I usually avoid telling people how I organize my books until I know them fairly well, once people find out your fiction sections are organized by intended audience, genera, author, and original publication year, “because it’s easier that way”, they tend to think you’re crazy (if they didn’t already decide you were crazy when it slipped out you have a “fiction section” on your shelves.).  I’ve also started getting really cagey about exactly how many books I have: before moving to London I culled it down to “between four and five hundred [495] if you don’t count proofs” and obviously any ebooks are excluded.  Since moving back from London I’ve added about 20 feet of books onto the shelves.  Yes, I measure books in feet when I add them to my shelves because you can never buy just one!  But I need them all, and have actually read most of them.  And of course I use my reference section all the time (including the pre-modern western European languages reference books).
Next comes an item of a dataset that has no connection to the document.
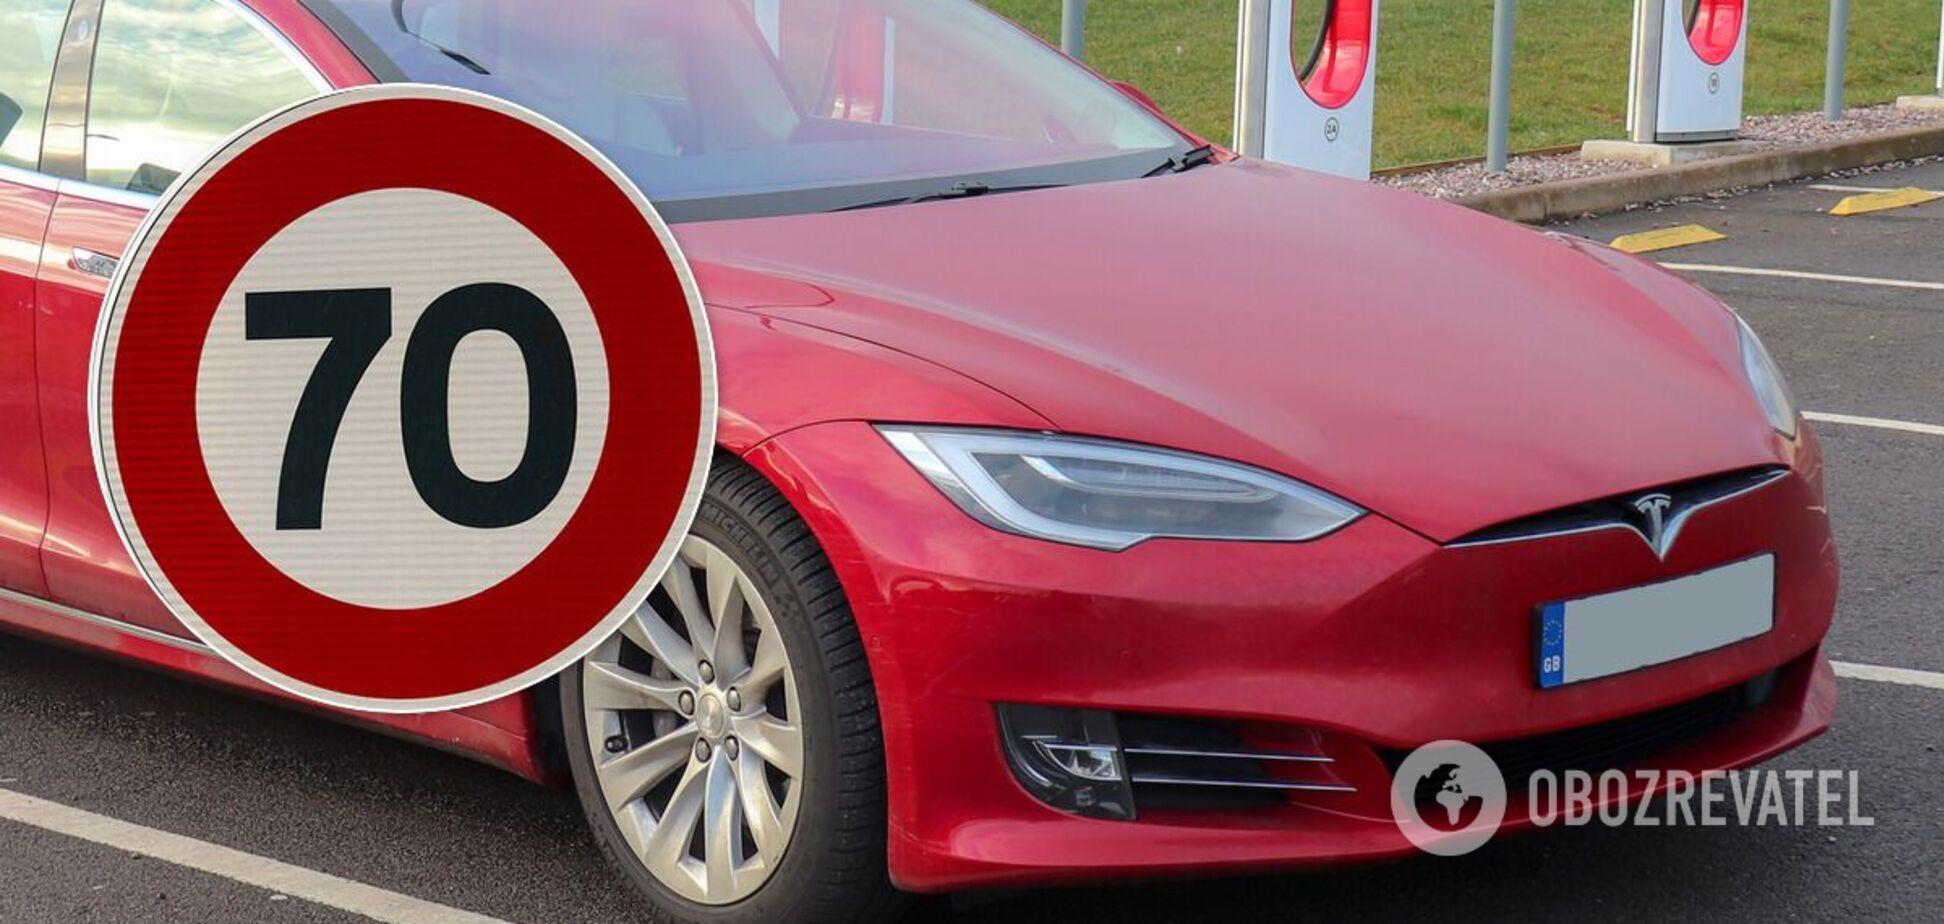 Автомобили Тесла научились распознавать скоростные лимиты
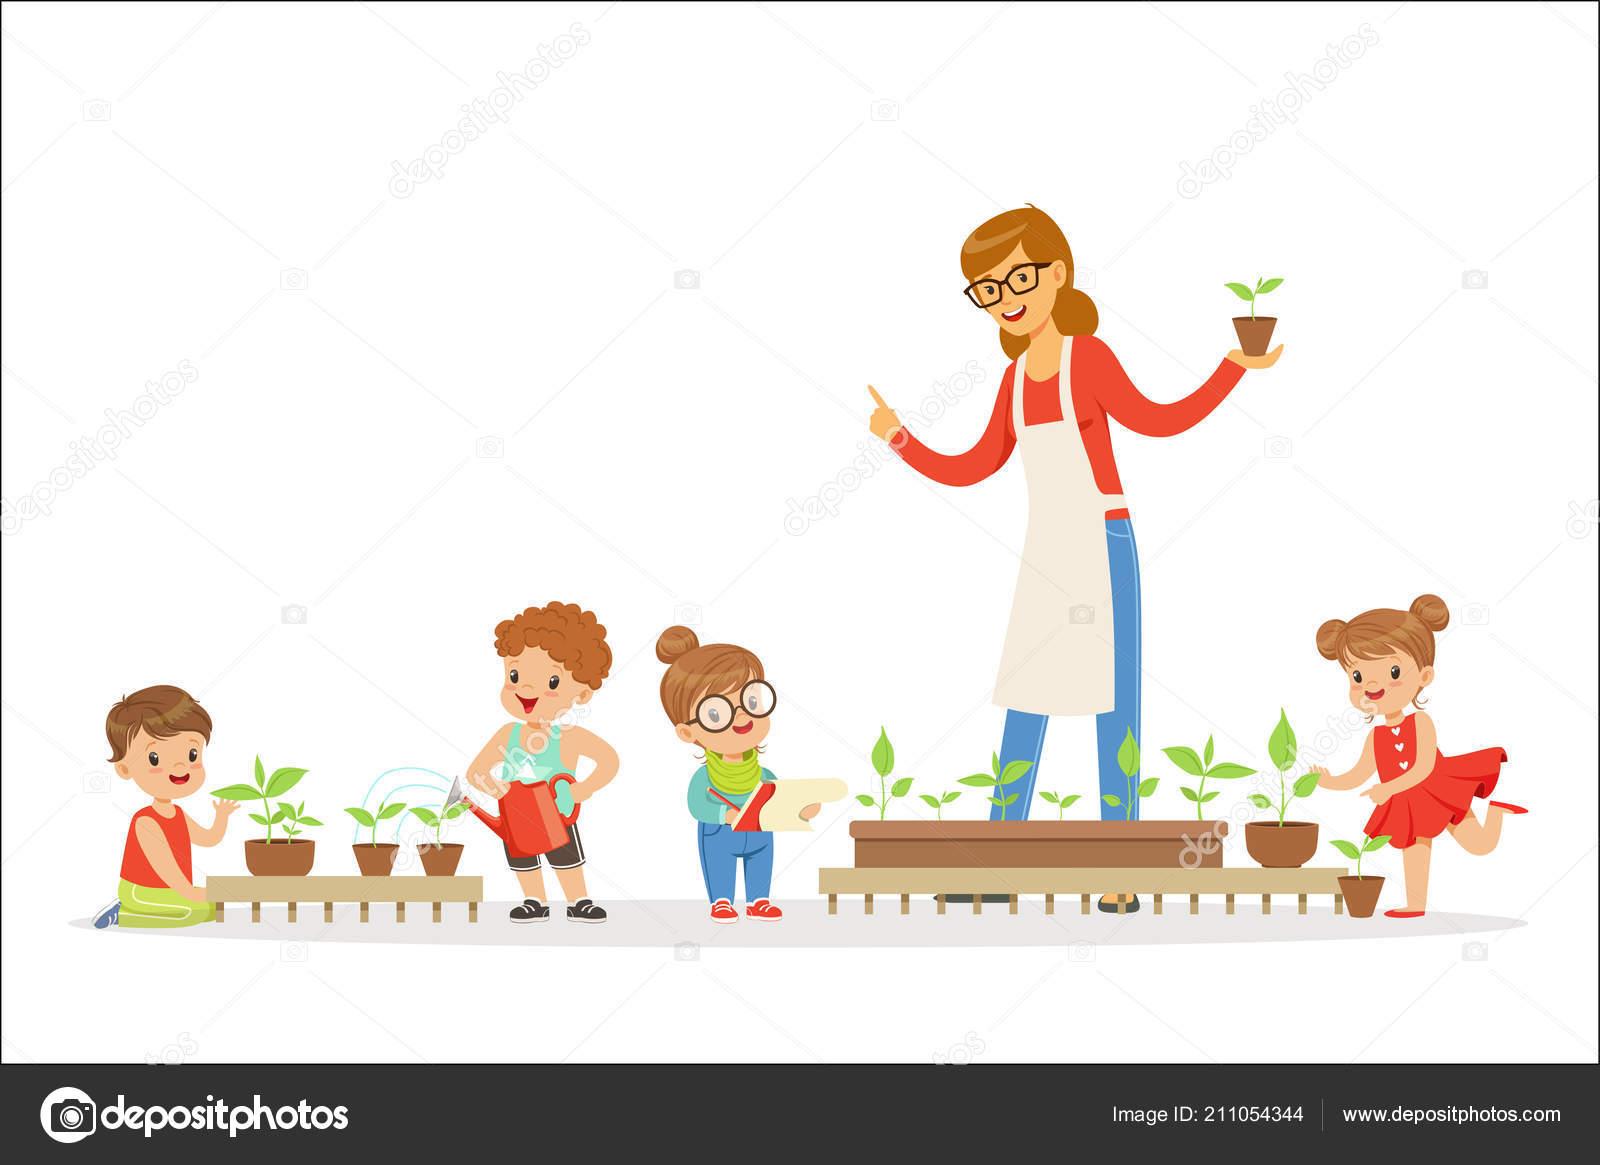 Imagenes De Niños De Preescolar Animadas

I think my new Kiwi friend was bemused that not only did I own a book all about citations (she didn’t see the one I had checked out from the library as well), but I was actually using it.  Most people I know have switched to the internet as a primary source of knowledge for things like citation examples, in part (I’m sure) because information changes so rapidly things in a book can be made obsolete before they’re even published.  I also actually use my Grammar Bible, various punctuation guides, and even my hard copy Oxford English Dictionary (the all-in-one version with the little magnifying glass for added fun!).  This practice confounds people (along with my habitual use of “fortnightly” in conversation), half the time when I pull out my dictionary they look at me like I belong in a museum; more than half the time, however, I find the definition of a word in my book before their phone finds it on the internet.

Tuesday, January 14, 2014

Words Words Words

I had dinner with my Grandmother this weekend and she chastised me for using a particular word (sabbatical rather than sabbatic) incorrectly.  Of course, the particular word in question can be either a noun or an adjective in modern speech, but over a dinner of homemade mac and cheese I was told in no uncertain terms that sabbatical is and only should be an adjective—it was also rather heavily implied that this was the sort of thing that was causing the downfall of western civilization as we know it.  As I sat there, staring blankly at her shaking head (which she also managed to cradle in her hands for added emphasis that I was willfully contributing to the less than dignified slaughter of the English language), I couldn’t help but think “LANGUAGE CHANGES ALL THE TIME!  I’M RIGHT!  I WAS 100% ACCURATE IN MY WORD CHOICE! STOP ACCUSING ME OF NOT KNOWING WHAT I’M SAYING!” (I think I actually said something like “mmhmm” and tried not to giggle).  This is not the first time she’s bemoaned the butchering of the English language by those one or two generations removed from her own.  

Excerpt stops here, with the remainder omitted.